We measured the CTE of the aligned MWCNT/epoxy composite films using the experimental setup schematically shown in Figure 2. The dimensions of the composite film sample were 19 × 2 × 0.019 – 0.030 mm3 (length × width × thickness), where the length is along the direction parallel to the MWCNT alignment. The sample was placed on a hot plate and the temperature measured by a thermocouple placed in contact with the composite sample. The length change was then measured by the laser displacement meter in the temperature range 30–60°C and with a heating rate in the range of 1.8–79.0 K/min. In this study, we evaluated the average CTE of the composites in the above-mentioned temperature range. The formula for the CTE of the composites, αc, was given by

αc=ΔL/LΔTE1

where L is the initial length, ΔL is the change in length and ΔT is the change in temperature (30 K) of the composite sample. The slope of the curve ΔL/L vs. ΔT over the temperature range was obtained using experimental data to determine αc.

Figure 2.

Schematic illustration of experimental setup for determining the CTE of MWCNT/epoxy composites.

2.3. Evaluation of actuator properties

The experimental setup used to characterize the actuator performance is shown in Figure 3. To evaluate the actuator property, an electrothermal actuator was prepared using the composite/aluminum laminate, where the MWCNT volume fraction in the composite layer was 27 vol.%. As shown in Figure 3a, a U-shaped actuator was formed by cutting out the middle part of the composite/aluminum laminate, where the CNT-aligned direction is parallel to the length direction of the U-shaped actuator. The dimension of the entire U-shaped actuator was 20 × 5 × 0.038 mm3 (length × width × thickness), wherein the width of each beam was around 2 mm. A gold coating was sputtered onto the surface of the composite layer to decrease the contact resistance between the composite layer and the copper electrodes and to enhance the conductivity in the composite layer. The edge of the sample was masked during deposition by a polyimide tape to prevent electrical shorting on the sidewalls of the sample by the gold layer. The top end of the sample was sandwiched between glass plates and the composite layer was then attached to two copper electrodes.

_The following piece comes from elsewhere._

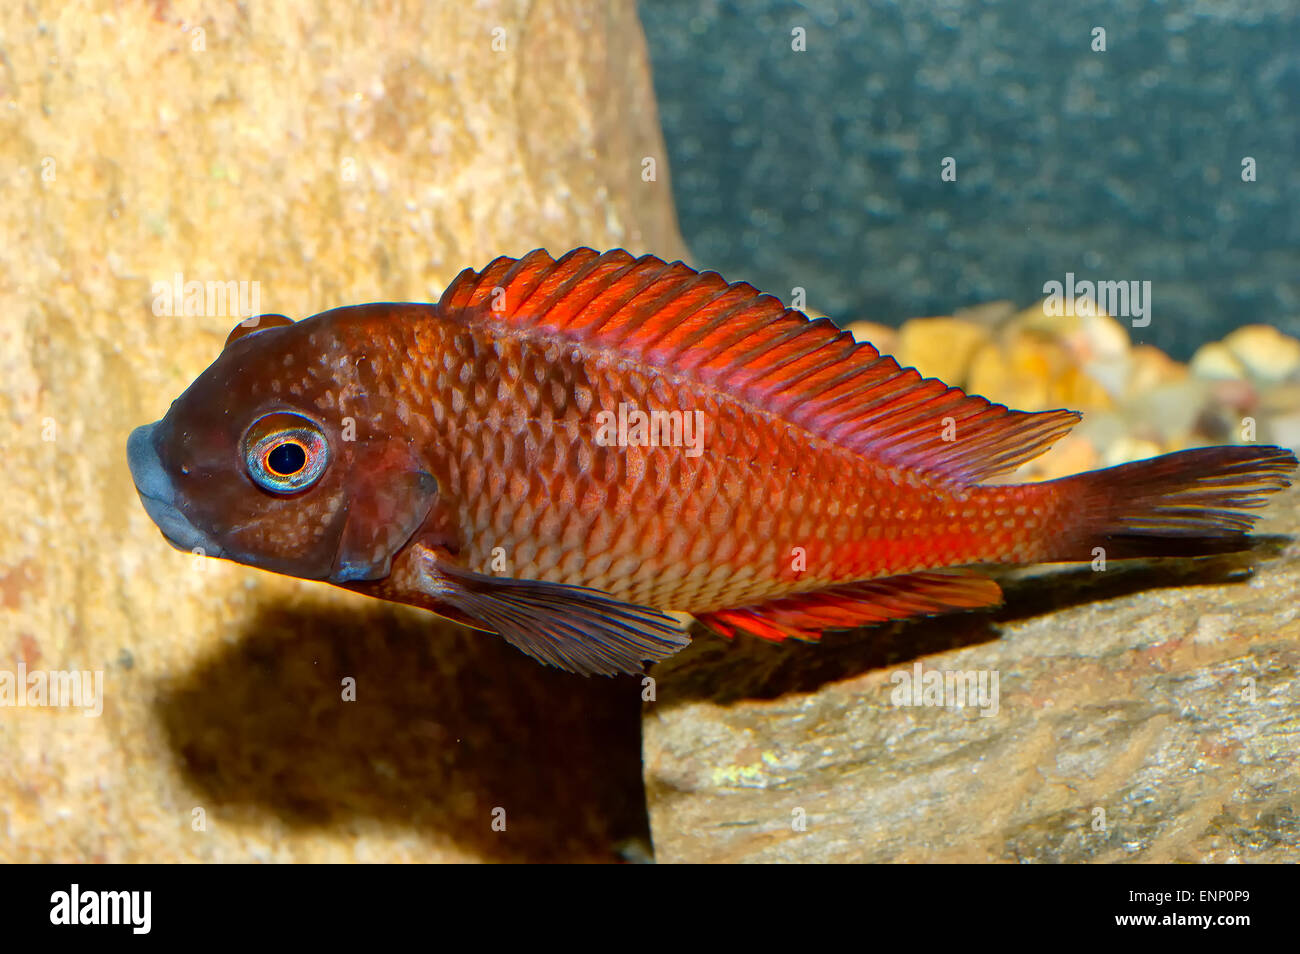 Nice aquarium fish from genus Tropheus. Stock Photo
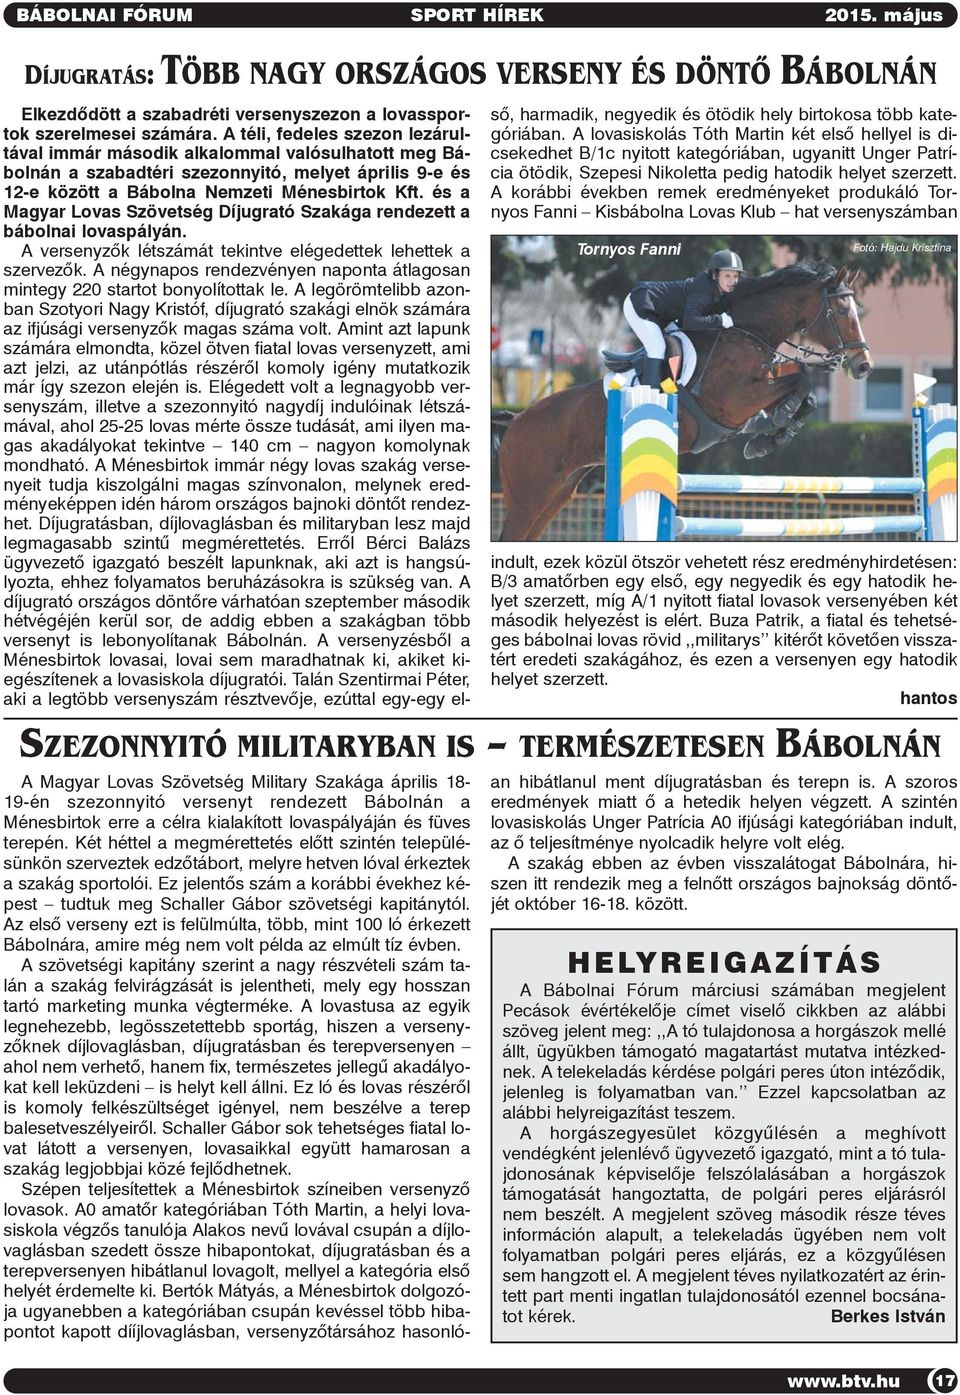 és a Magyar Lovas Szövetség Díjugrató Szakága rendezett a bábolnai lovaspályán. A versenyzõk létszámát tekintve elégedettek lehettek a szervezõk.

The free length of the actuator was 16 mm. The sample was suspended vertically in a glove box chamber and a DC voltage was applied using a power supply (KEITHLEY 2400, USA). The square waveform input voltage on the composite layer was controlled using a Labview program, and the bending of the sample was captured by the laser displacement meter. The sample surface temperature during actuation was measured using infrared thermography (Apiste FSV-1200, Japan), where the temperature data were obtained from the bare surface of the composite layer. Calibration of the thermography was performed by also heating the sample on a hot plate and using a thermocouple placed on the composite layer to measure the sample temperature. The emissivity of the composite was determined based on the thermocouple temperature measurements. The temperature, displacement and applied voltage values were automatically recorded every 200 ms to a text file using data logger (Graphtec GL220, Japan).

Figure 3.

Schematic illustration of (a) the U-shaped actuator and (b) experimental setup for determining bending displacement of the U-shaped actuator.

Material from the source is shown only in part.